- [DIRECTIONS FOR THIS TASK]: I'd like the records transcribed exactly, leaving the images out.

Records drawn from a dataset
↓↓↓

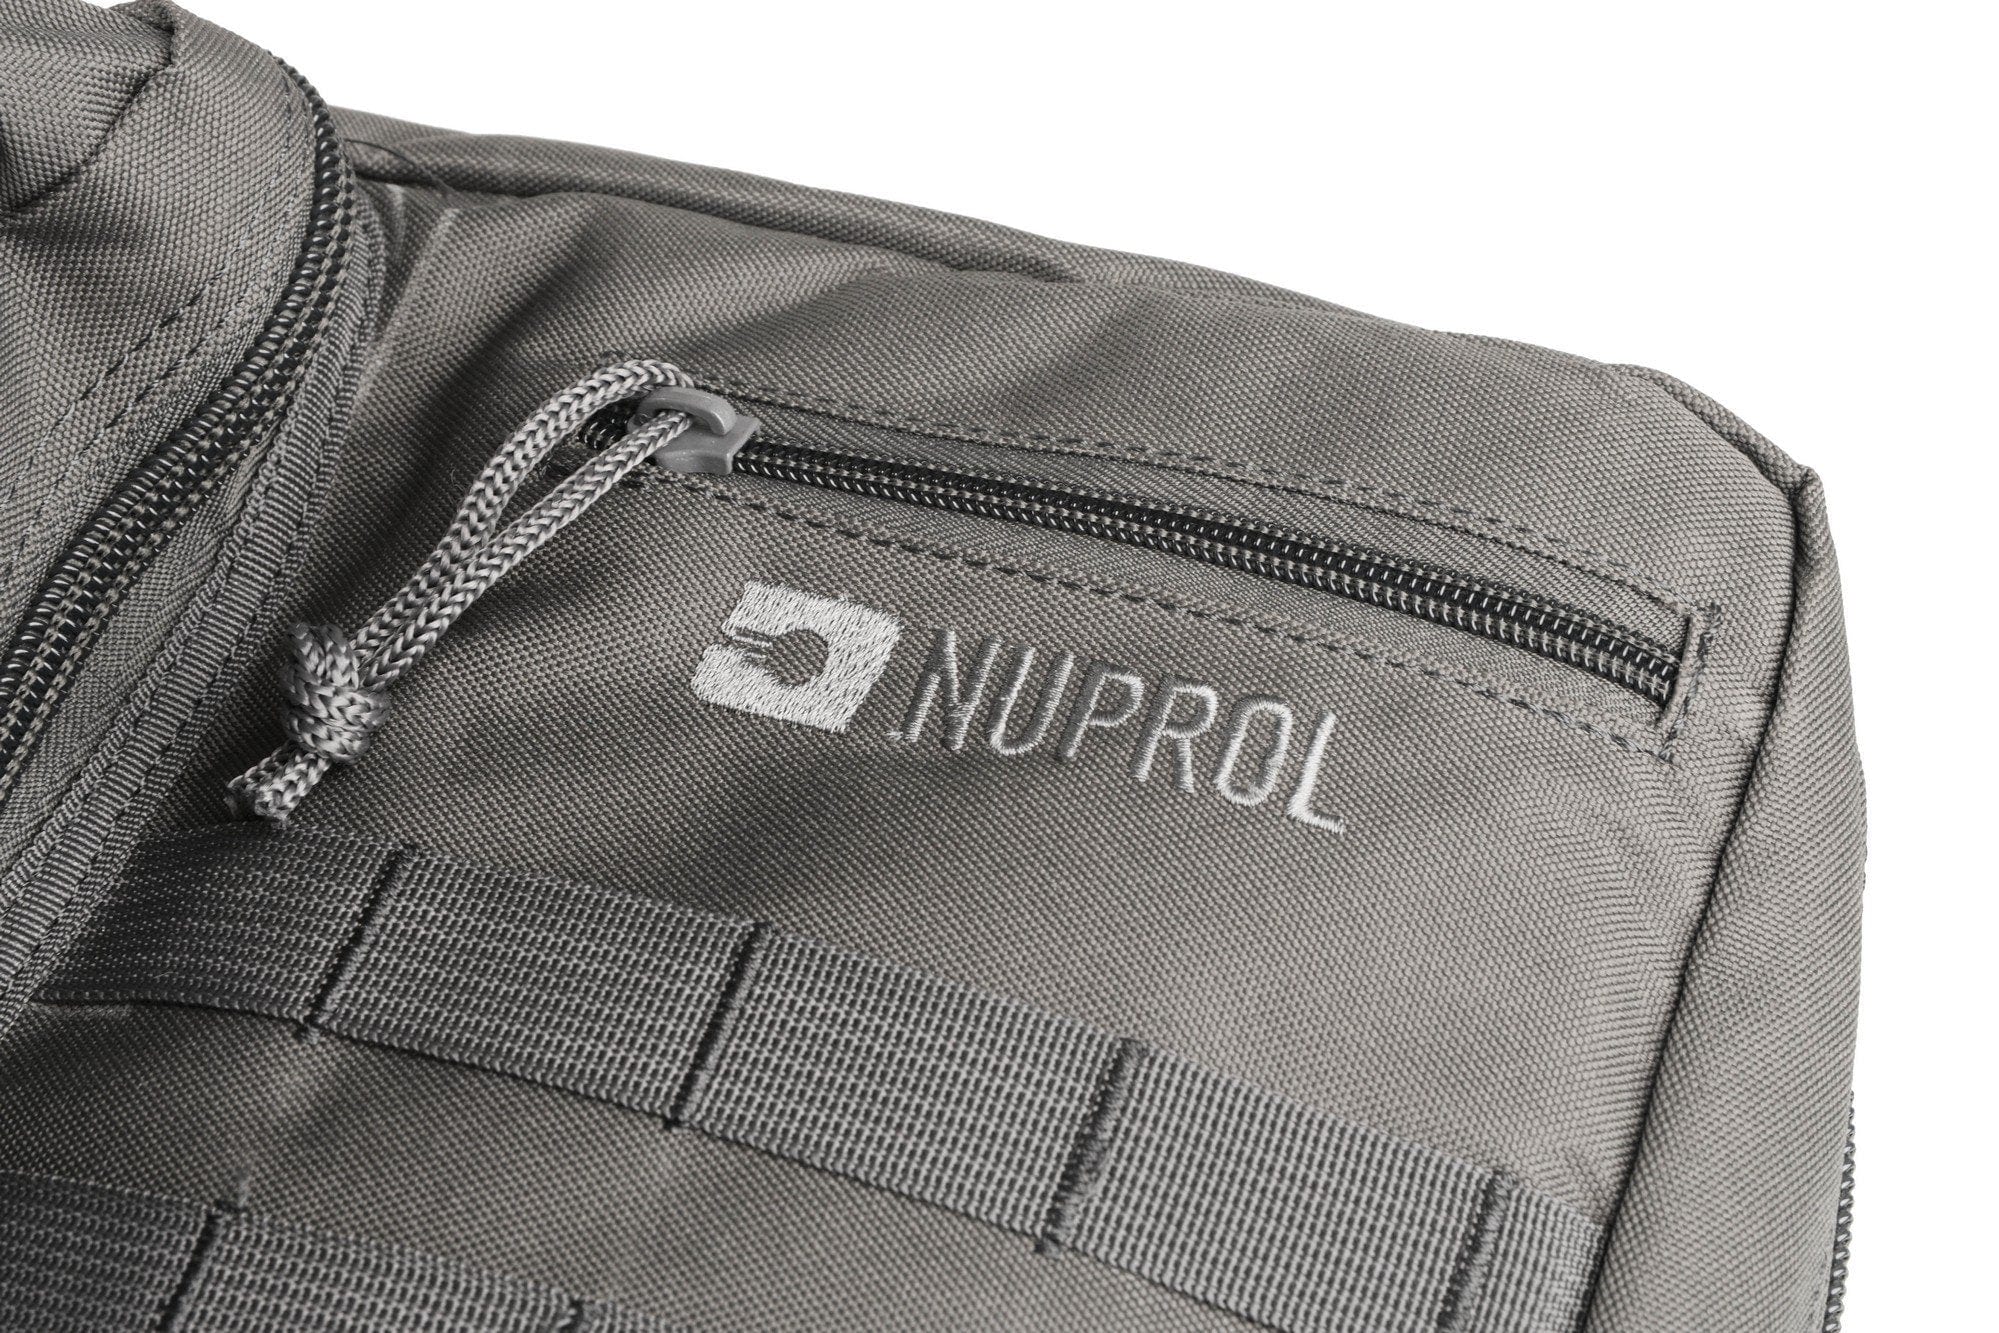 Double gun bag NBS 1000mm - gray by Nuprol on Airsoft Mania Europe
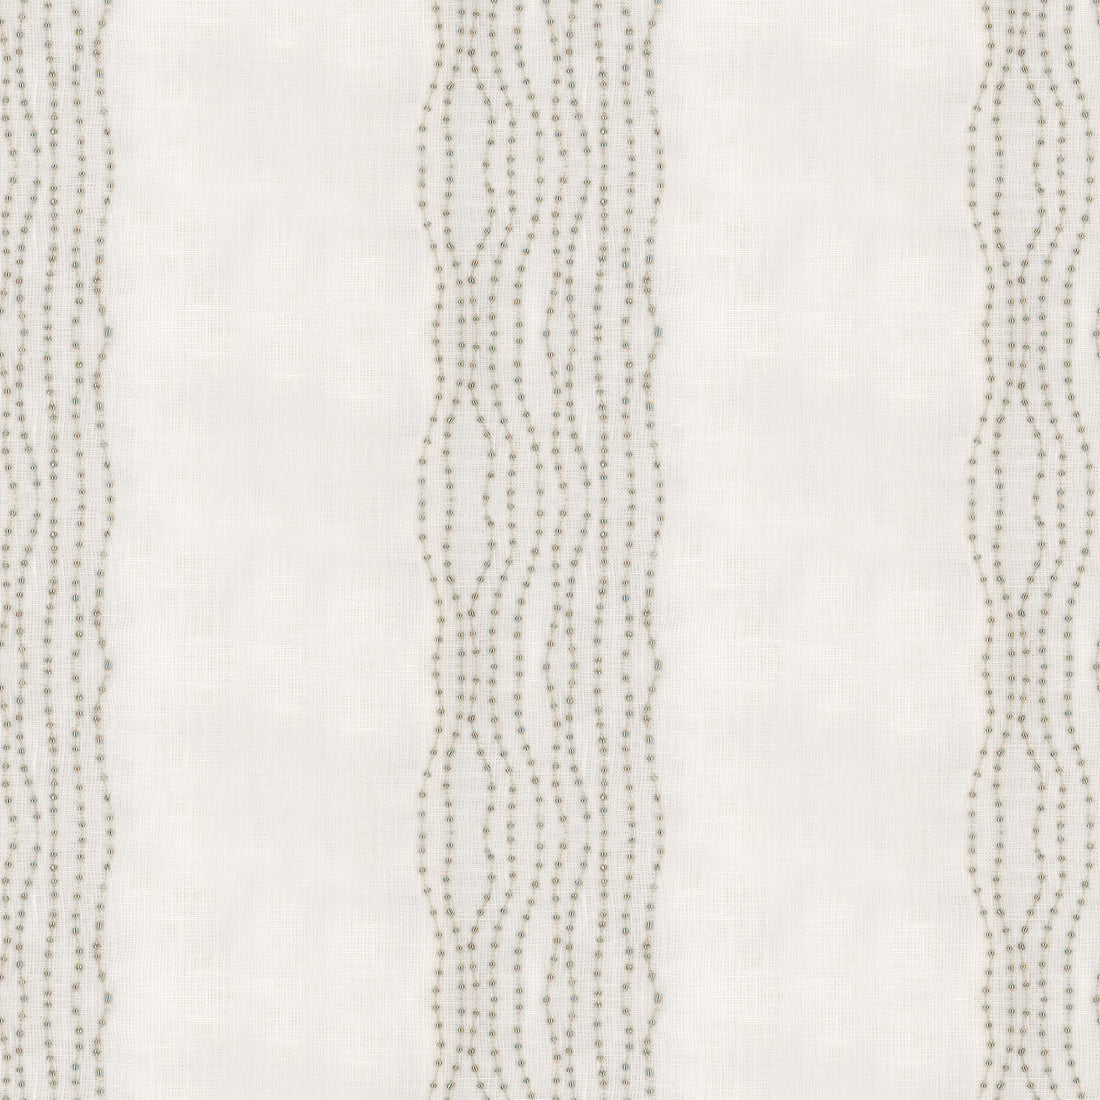 Songket fabric in lucite color - pattern 32450.101.0 - by Kravet Couture in the Calvin Klein Home collection
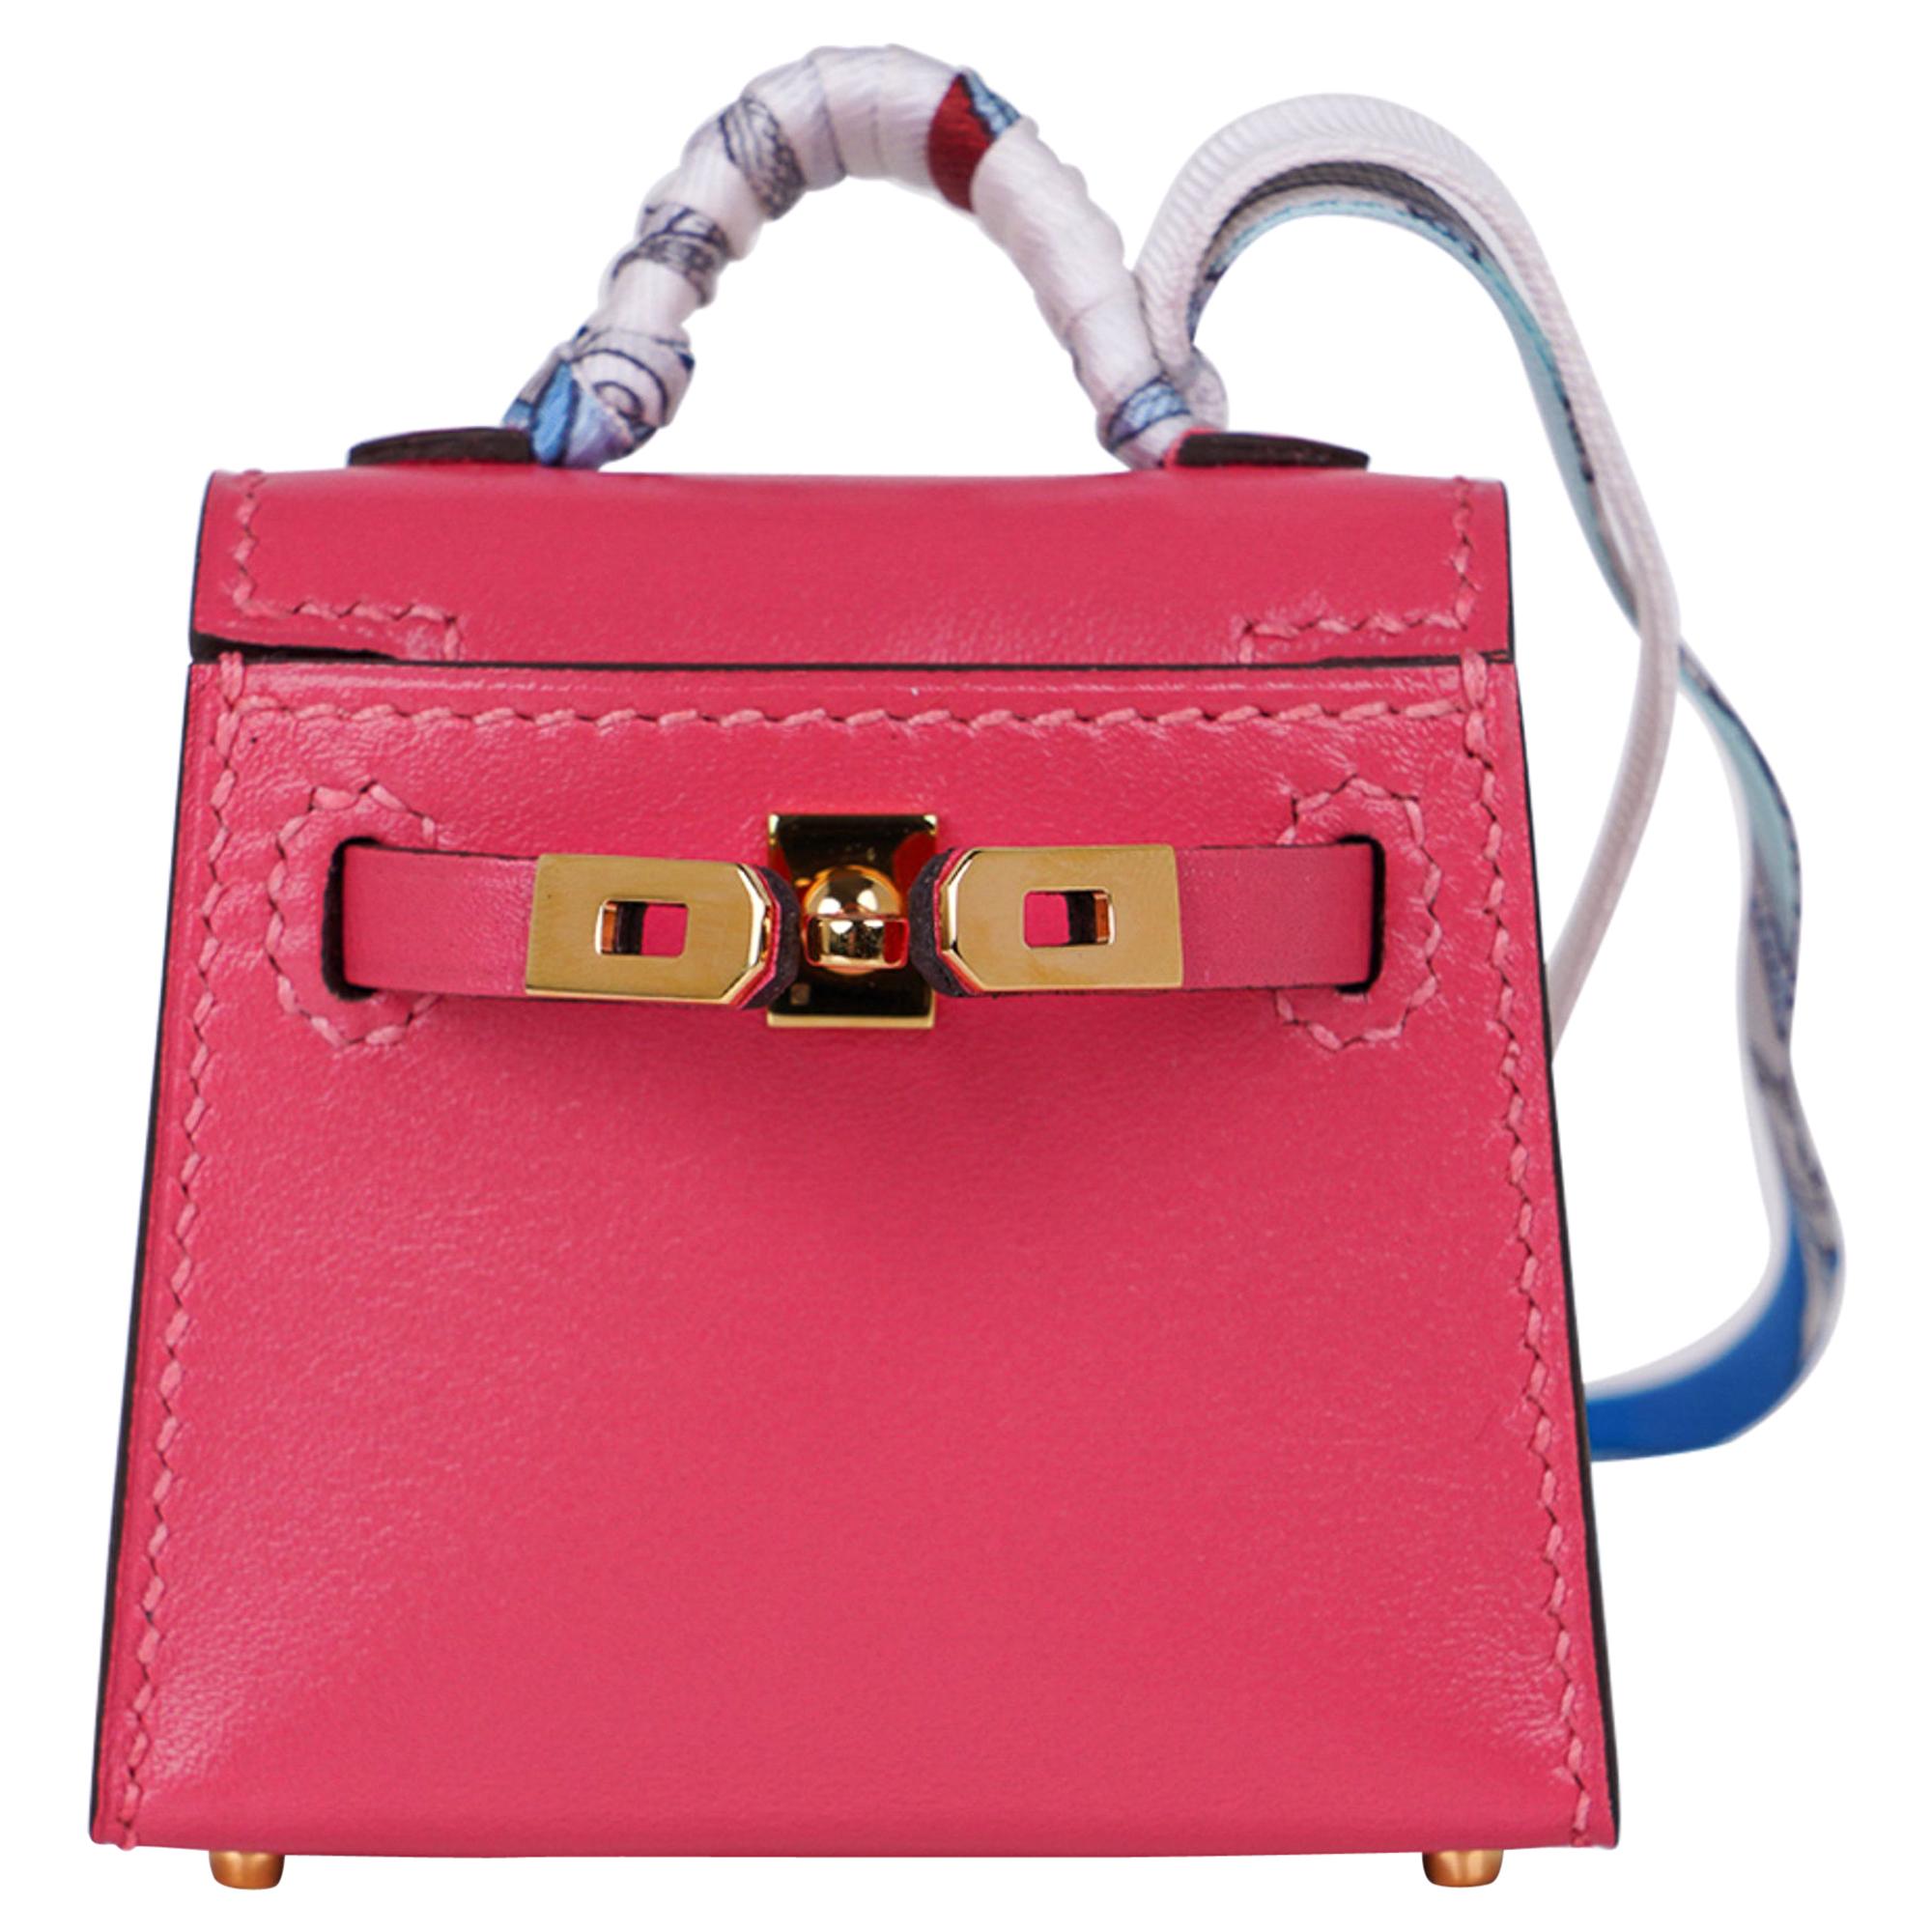 Mightychic offers a very rare limited edition Hermes Kelly Twilly Bag Charm features a miniature Kelly in Rose Lipstick.
Shaped like a Kelly Bag crafted in amazing detail.
The charm has Gold Hardware and a wrapped handle in a silk print

↑↑↑

- [PROBLEM SOLUTION]:
 Double gun bag NBS 1000mm - gray by Nuprol on Airsoft Mania Europe
 Songket fabric in lucite color - pattern 32450.101.0 - by Kravet Couture in the Calvin Klein Home collection
 Mightychic offers a very rare limited edition Hermes Kelly Twilly Bag Charm features a miniature Kelly in Rose Lipstick.
Shaped like a Kelly Bag crafted in amazing detail.
The charm has Gold Hardware and a wrapped handle in a silk print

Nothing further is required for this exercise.